_Dataset entries_:
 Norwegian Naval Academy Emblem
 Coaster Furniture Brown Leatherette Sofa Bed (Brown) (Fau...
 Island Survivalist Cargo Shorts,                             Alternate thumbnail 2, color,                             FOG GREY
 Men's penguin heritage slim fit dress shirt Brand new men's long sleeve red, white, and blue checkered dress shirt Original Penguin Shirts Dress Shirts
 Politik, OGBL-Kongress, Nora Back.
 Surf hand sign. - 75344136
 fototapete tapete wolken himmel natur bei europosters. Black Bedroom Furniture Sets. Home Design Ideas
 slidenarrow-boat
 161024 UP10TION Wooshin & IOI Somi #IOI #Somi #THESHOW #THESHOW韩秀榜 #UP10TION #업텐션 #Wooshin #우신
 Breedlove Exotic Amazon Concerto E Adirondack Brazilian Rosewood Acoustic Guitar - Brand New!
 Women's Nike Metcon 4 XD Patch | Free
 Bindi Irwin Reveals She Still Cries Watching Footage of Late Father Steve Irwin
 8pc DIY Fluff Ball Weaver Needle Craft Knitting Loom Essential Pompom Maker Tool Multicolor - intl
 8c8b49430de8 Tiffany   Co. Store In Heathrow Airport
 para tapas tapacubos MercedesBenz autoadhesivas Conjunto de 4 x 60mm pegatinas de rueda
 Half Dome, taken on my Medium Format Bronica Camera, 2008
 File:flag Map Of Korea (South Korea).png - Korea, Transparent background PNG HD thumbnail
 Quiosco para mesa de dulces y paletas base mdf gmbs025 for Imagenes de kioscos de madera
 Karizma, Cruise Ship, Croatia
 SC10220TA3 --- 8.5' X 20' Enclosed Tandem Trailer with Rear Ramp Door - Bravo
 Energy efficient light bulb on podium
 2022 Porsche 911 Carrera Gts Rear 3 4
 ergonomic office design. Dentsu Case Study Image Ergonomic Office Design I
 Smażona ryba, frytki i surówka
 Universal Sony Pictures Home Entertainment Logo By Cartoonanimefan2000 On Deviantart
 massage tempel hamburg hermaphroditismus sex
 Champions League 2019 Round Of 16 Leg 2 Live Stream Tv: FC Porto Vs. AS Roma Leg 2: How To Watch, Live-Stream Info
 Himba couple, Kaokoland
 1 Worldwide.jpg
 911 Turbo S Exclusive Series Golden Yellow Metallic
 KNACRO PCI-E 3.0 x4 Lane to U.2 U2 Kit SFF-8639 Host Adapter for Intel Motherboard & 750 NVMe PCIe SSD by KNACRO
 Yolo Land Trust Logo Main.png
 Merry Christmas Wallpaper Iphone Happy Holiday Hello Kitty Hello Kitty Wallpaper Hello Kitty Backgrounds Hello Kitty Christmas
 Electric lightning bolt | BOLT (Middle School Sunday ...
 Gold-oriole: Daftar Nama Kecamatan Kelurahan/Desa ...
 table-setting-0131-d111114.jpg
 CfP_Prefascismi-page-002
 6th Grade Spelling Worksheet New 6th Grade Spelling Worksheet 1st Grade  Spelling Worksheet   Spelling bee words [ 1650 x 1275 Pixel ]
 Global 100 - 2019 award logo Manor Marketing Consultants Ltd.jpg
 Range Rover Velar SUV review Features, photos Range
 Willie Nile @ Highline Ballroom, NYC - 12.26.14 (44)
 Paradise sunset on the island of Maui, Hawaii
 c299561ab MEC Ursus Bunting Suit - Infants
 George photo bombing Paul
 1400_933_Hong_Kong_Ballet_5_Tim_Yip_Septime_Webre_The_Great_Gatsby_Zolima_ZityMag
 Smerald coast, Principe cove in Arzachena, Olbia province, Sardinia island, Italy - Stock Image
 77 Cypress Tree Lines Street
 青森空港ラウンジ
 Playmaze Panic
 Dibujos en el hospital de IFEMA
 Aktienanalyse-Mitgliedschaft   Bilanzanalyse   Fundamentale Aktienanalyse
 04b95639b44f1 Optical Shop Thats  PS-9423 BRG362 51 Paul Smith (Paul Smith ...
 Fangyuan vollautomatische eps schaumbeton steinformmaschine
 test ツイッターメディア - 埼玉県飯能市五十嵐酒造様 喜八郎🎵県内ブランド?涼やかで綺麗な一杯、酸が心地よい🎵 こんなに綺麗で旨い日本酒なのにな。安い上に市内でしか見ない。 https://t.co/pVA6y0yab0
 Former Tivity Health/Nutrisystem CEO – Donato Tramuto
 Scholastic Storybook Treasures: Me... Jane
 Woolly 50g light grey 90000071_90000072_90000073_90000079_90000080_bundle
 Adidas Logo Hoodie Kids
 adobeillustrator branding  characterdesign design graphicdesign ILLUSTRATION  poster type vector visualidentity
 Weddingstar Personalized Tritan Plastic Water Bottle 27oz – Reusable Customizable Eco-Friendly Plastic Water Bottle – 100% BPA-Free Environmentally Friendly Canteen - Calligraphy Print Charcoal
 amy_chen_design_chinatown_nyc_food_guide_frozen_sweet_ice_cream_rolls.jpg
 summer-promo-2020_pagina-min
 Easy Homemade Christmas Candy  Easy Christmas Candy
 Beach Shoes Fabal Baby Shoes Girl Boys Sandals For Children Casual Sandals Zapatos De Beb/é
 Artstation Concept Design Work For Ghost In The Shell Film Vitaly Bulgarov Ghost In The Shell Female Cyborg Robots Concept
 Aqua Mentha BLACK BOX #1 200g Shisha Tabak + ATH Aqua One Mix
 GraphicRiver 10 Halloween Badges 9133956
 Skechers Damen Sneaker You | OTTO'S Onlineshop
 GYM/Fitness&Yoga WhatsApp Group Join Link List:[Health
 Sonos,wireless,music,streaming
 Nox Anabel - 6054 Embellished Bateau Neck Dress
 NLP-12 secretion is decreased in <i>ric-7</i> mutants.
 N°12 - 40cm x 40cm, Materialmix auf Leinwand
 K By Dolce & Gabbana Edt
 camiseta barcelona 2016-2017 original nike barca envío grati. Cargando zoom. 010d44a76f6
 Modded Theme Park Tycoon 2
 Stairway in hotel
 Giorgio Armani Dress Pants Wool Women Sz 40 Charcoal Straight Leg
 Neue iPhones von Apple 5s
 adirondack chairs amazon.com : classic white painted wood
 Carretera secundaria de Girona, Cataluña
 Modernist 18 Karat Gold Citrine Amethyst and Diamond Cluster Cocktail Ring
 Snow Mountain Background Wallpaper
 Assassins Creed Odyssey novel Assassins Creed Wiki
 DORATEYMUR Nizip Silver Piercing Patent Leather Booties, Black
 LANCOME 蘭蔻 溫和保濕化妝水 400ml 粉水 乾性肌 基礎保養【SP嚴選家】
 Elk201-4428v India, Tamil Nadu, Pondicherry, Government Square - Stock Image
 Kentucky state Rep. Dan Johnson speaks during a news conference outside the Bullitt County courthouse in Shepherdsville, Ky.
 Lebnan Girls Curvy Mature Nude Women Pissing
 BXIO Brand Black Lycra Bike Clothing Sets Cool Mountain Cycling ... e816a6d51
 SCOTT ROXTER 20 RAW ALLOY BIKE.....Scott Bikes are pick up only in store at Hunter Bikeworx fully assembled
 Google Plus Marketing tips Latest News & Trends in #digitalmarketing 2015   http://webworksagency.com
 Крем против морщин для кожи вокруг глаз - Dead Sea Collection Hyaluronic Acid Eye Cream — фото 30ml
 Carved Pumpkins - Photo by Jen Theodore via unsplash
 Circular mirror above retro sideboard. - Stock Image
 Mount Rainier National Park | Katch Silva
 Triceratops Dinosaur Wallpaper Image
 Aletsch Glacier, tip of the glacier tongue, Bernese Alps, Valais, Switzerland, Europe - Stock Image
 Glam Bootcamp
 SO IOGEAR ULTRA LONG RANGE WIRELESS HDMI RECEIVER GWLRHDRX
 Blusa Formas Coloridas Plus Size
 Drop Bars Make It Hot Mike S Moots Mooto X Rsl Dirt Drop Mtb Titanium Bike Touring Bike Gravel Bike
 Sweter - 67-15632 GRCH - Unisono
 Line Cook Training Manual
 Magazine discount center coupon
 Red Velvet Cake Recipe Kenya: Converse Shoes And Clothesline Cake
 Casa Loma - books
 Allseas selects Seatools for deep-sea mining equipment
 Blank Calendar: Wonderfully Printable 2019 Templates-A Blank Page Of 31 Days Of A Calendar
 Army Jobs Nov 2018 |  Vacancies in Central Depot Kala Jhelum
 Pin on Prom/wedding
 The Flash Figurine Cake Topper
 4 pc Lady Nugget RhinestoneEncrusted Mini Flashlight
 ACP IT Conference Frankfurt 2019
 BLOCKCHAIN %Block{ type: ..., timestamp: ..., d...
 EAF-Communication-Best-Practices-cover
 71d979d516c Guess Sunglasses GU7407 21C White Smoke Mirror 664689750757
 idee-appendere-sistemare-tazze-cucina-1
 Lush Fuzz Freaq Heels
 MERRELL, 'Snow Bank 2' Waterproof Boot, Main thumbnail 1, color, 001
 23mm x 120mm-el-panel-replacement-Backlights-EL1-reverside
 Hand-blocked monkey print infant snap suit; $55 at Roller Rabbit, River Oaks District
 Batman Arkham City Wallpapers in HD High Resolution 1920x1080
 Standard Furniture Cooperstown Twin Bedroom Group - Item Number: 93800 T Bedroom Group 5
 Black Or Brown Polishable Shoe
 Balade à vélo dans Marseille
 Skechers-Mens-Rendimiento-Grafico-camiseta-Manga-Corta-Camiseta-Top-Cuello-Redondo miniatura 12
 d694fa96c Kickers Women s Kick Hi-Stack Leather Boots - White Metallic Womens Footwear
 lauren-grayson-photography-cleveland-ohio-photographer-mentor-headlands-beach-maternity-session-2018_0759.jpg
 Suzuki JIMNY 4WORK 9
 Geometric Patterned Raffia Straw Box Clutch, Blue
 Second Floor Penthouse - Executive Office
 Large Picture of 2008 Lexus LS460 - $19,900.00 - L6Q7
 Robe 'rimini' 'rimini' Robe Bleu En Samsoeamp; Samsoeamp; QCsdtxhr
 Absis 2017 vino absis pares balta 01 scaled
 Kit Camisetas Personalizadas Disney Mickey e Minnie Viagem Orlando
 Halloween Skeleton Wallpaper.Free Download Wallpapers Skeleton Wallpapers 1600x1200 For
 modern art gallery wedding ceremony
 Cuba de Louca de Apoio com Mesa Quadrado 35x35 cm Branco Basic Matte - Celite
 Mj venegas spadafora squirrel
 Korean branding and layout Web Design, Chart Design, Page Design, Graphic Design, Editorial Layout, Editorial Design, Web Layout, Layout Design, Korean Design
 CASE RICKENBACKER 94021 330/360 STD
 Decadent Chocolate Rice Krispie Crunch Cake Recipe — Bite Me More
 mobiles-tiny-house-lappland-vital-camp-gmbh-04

_What you will do_: Across the listing above, count every line containing the string "Charcoal" and give the result with no comment.

_The completed task_: 2